基于带电粒子活化法开展的SGⅡ-U皮秒激光质子加速实验研究

  • 1. 中国工程物理研究院激光聚变研究中心, 等离子体物理重点实验室, 绵阳 621900;
  • 2. 中国科学院上海光学精密机械研究所强光光学实验室, 上海 201800;
  • 3. 上海交通大学, 聚变科学与应用协同创新中心, 上海 200240;
  • 4. 北京大学应用物理与技术中心, 北京 100871
  • 通信作者: 贺书凯, shukai.he@caep.cn
    基金项目: 国家重点研发计划(批准号:2016YFA0401100)、科学挑战计划(批准号:TZ2018005)和国家重大科学仪器设备开发专项(批准号:2012YQ03014206)资助的课题.

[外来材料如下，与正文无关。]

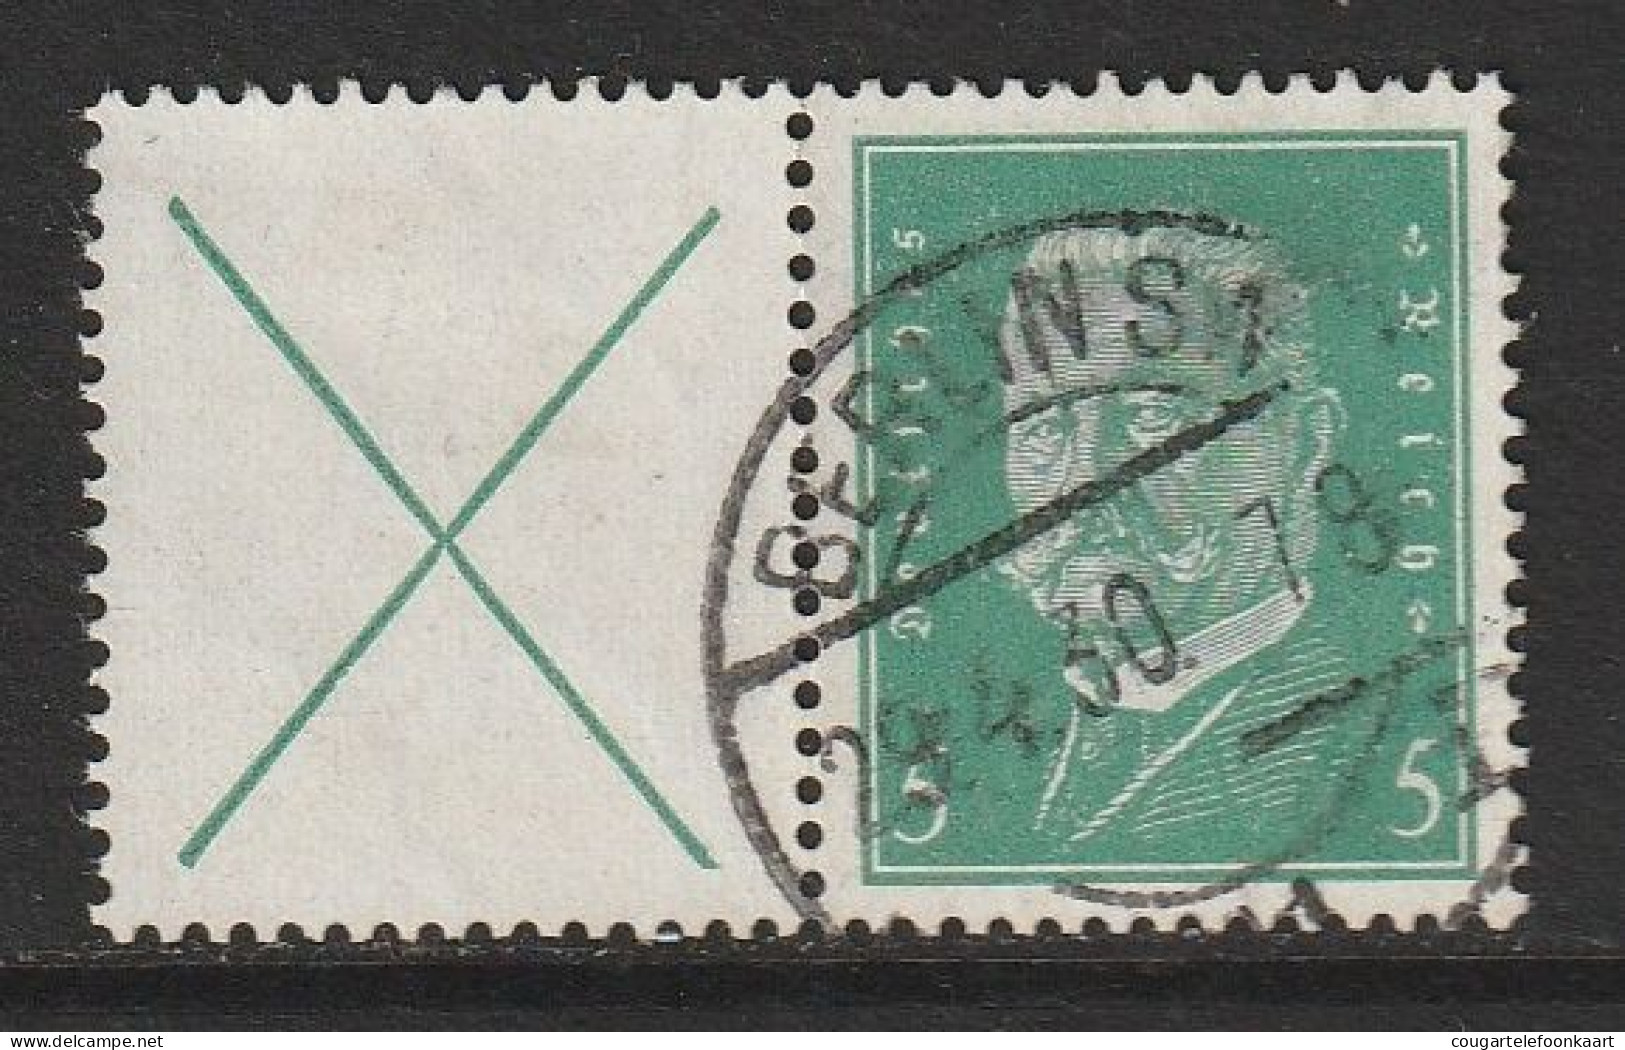 Reichspräsidenten 1928, Combinatie W 27.1, Gestempelt, 15€ Kat. - Carnets & Se-tenant

摘要: 基于带电粒子活化测谱方法在SGⅡ-U装置上开展了皮秒激光靶背鞘场机制质子加速实验研究,对靶参数进行了优化.利用带电粒子活化测谱方法测量了相同激光条件、不同Cu薄膜靶厚度情况下靶背鞘场加速质子的最高截止能量、角分布、总产额以及激光能量到质子的转化效率等关键参数.实验发现,SGⅡ-U皮秒激光靶背鞘场加速机制的最佳Cu薄膜靶厚度为10 μm,对应质子最高能量接近40 MeV,质子(>4 MeV)总产额约4×1012个,激光能量到质子的转化效率约2%.薄膜靶更厚或者更薄都会降低加速质子的最高截止能量;当靶厚减薄至1 μm时,皮秒激光的预脉冲开始对靶背鞘场产生显著影响,质子最高截止能量急剧下降,高能质子束斑呈现空心结构;而当靶厚增加至35 μm时,虽然质子束的能量有所降低,但是质子束斑的均匀性更好.

English Abstract

参考文献 (23)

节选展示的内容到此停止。